▸ **AVAILABLE DATA**:

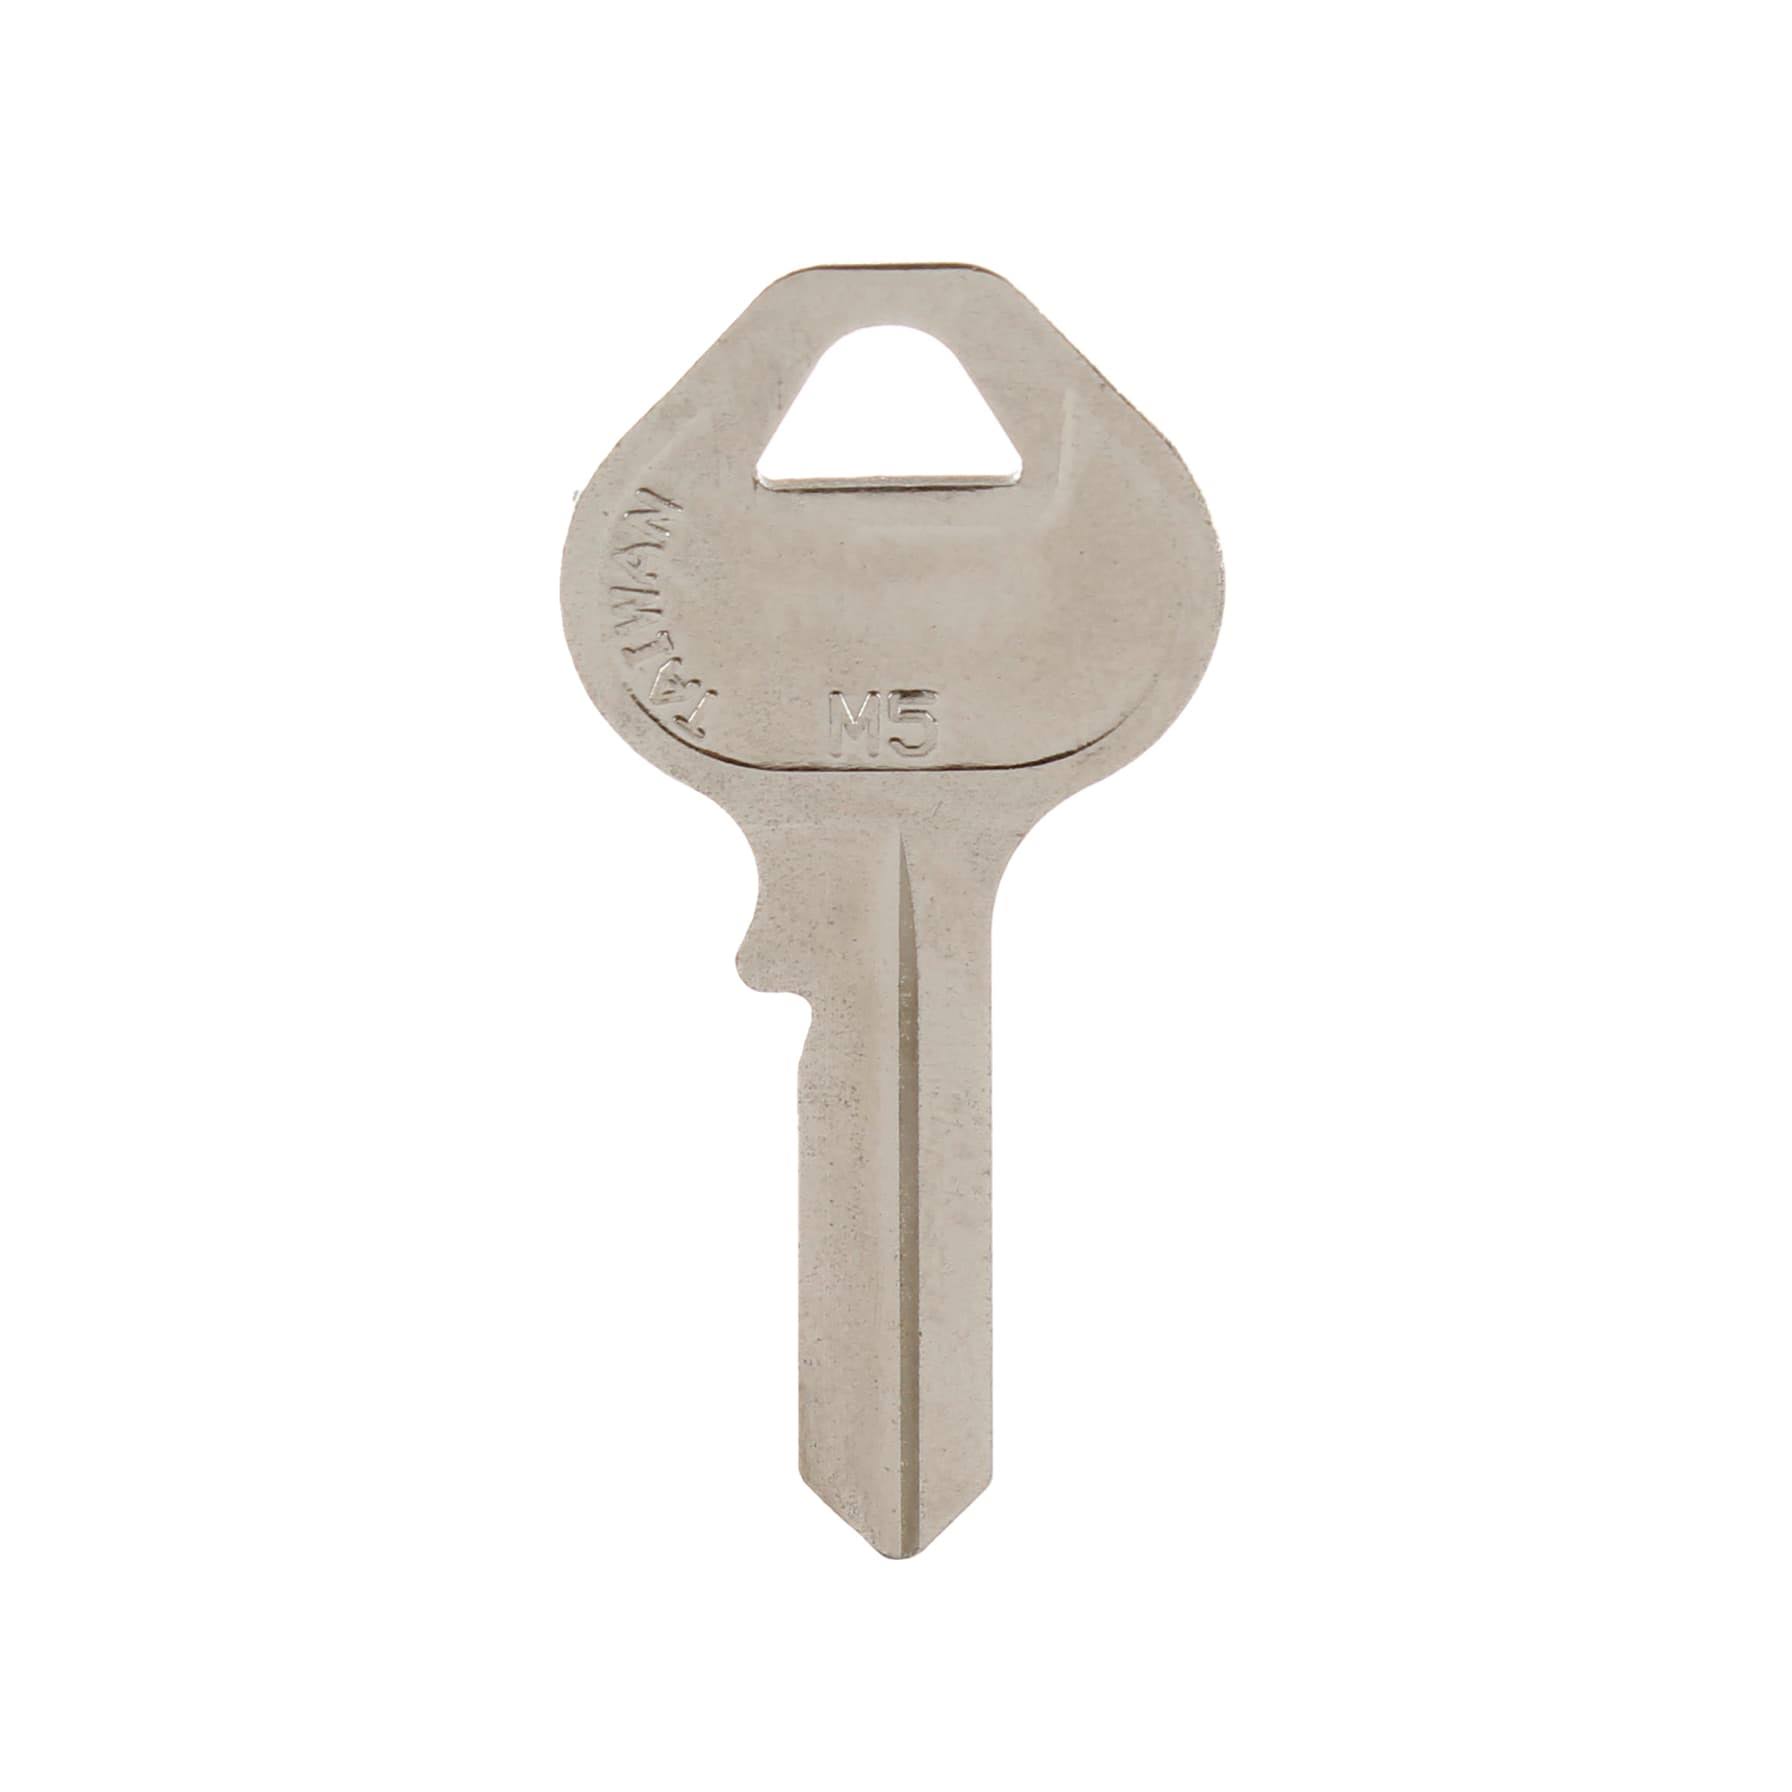 Hy Ko M5 Blank Master Lock Key
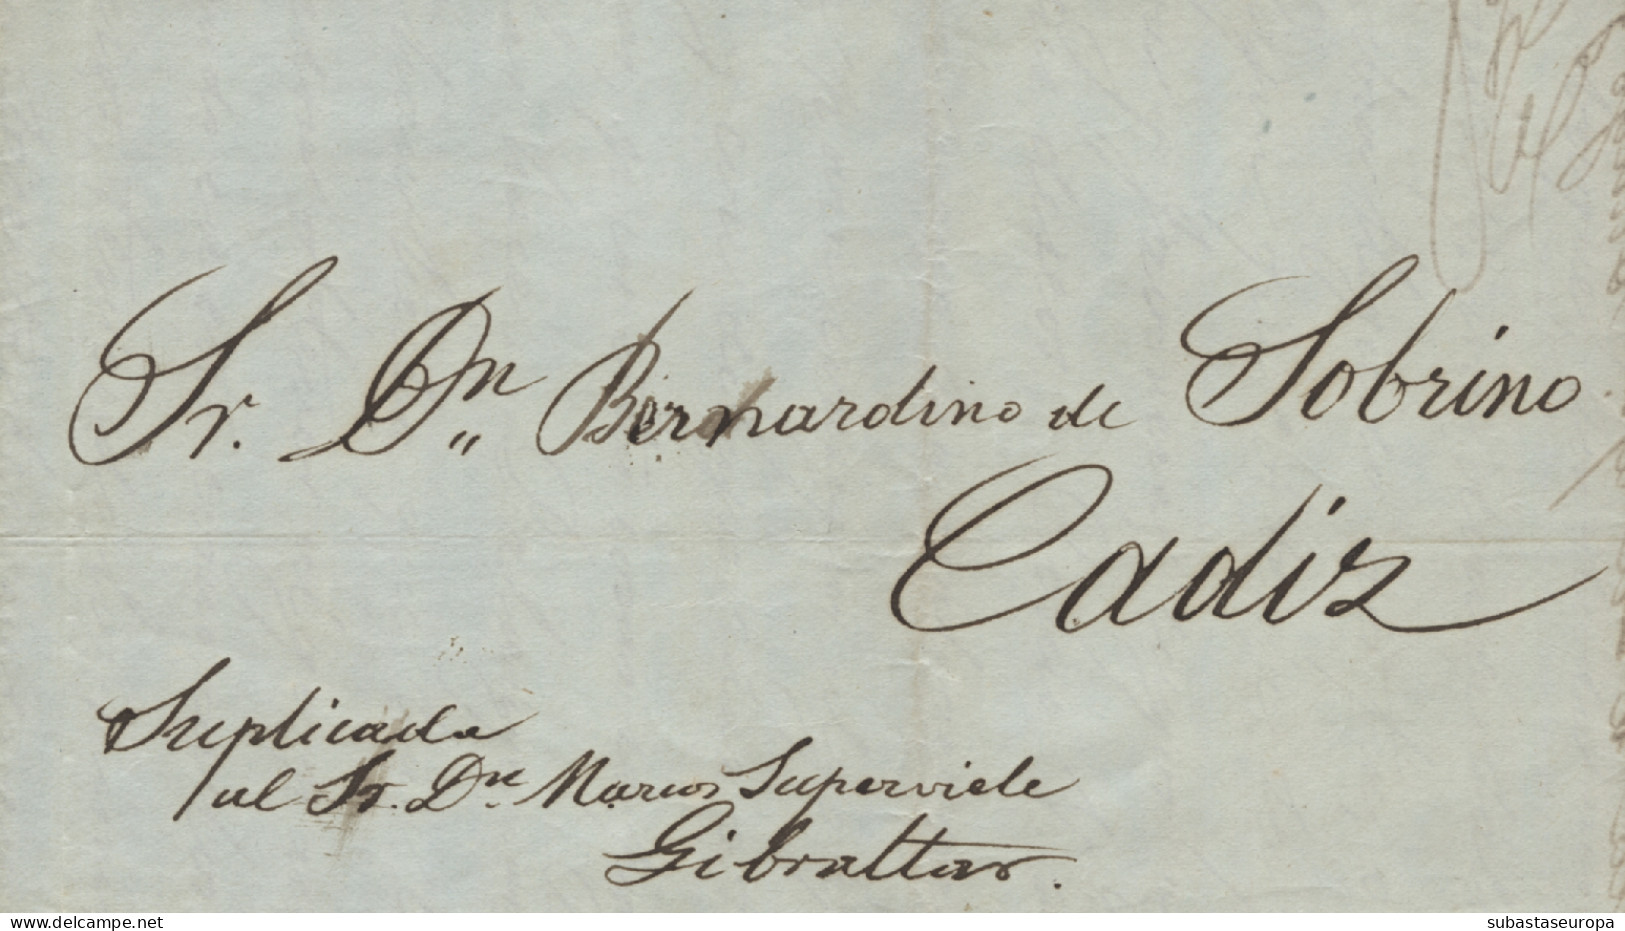 MACAO. 1852. Carta Circulada De Macao A Cádiz. Manuscrito "Suplicada Sr. D. Marcos Superviele - Gibraltar".  - Lettres & Documents
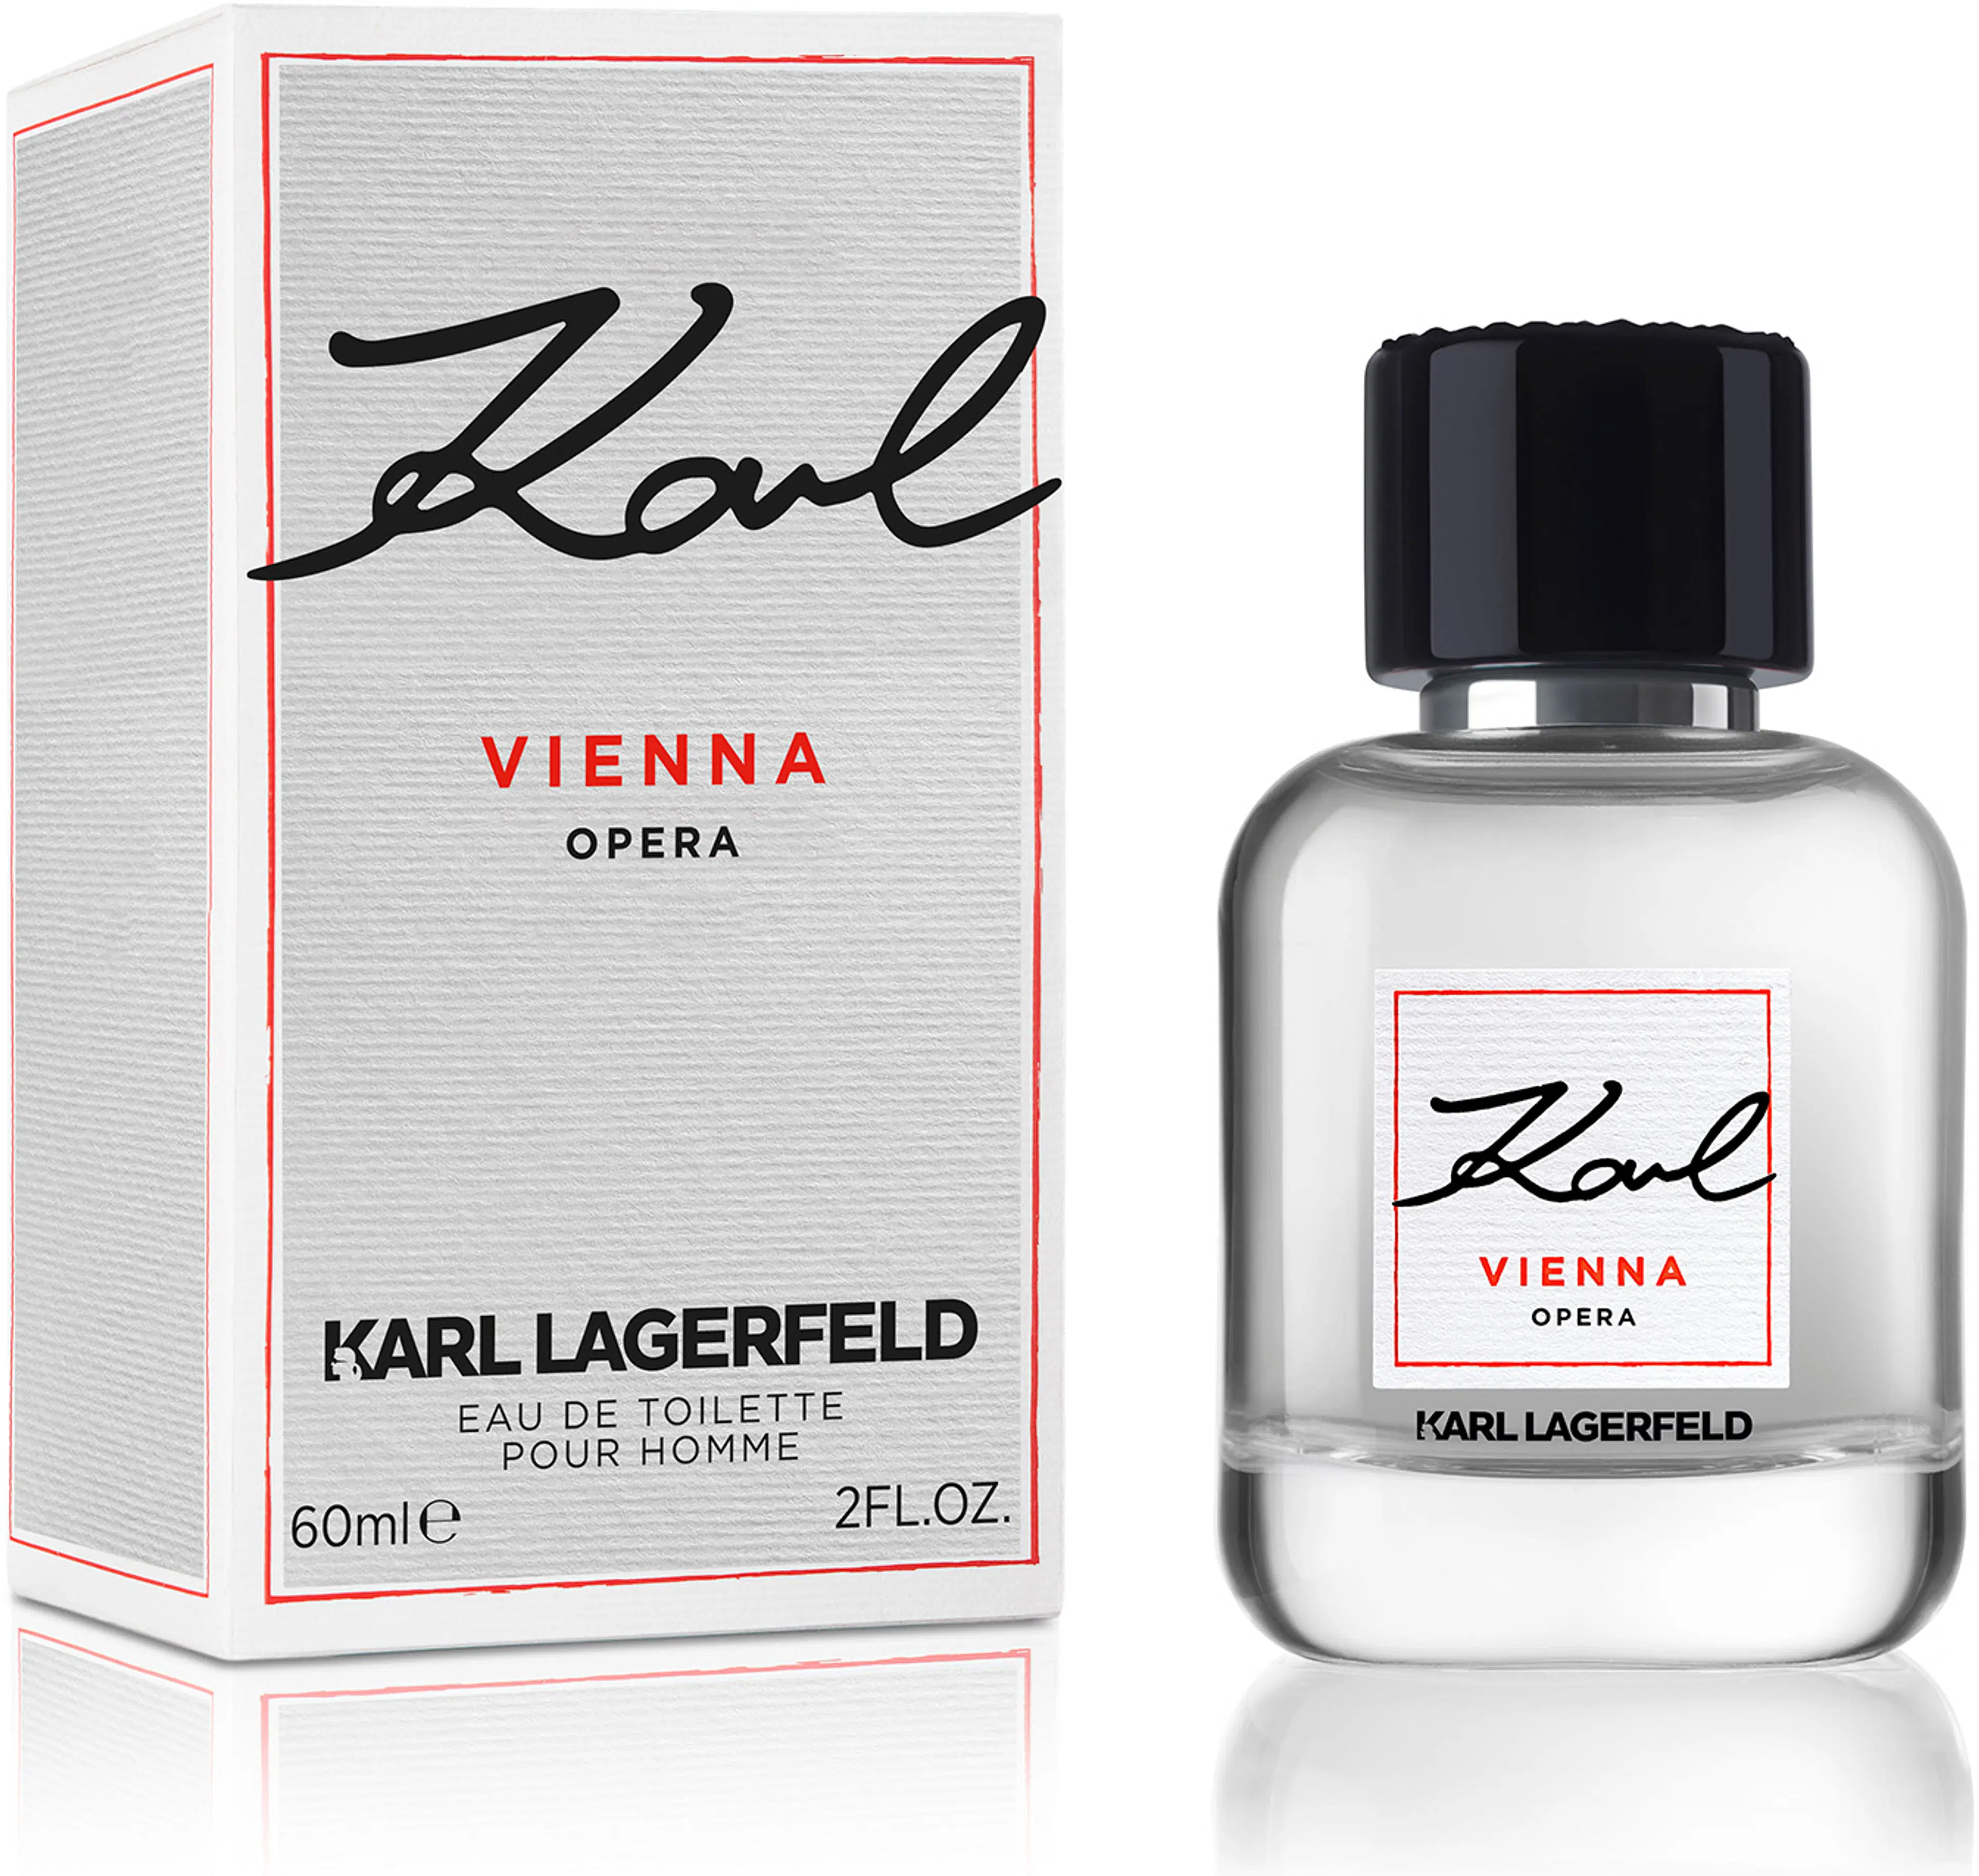 Karl Lagerfeld City Collection Vienna Opera EdT tuoksu 60 ml

▸ **EXERCISE DIRECTIONS**: Print exactly, and only, the lines from the one with "MACAO. 1852. Carta" through the last line of the listing above. No pictures belong in the copy.

▸ **EXERCISE RESPONSE**:
 MACAO. 1852. Carta Circulada De Macao A Cádiz. Manuscrito "Suplicada Sr. D. Marcos Superviele - Gibraltar".  - Lettres & Documents
 Karl Lagerfeld City Collection Vienna Opera EdT tuoksu 60 ml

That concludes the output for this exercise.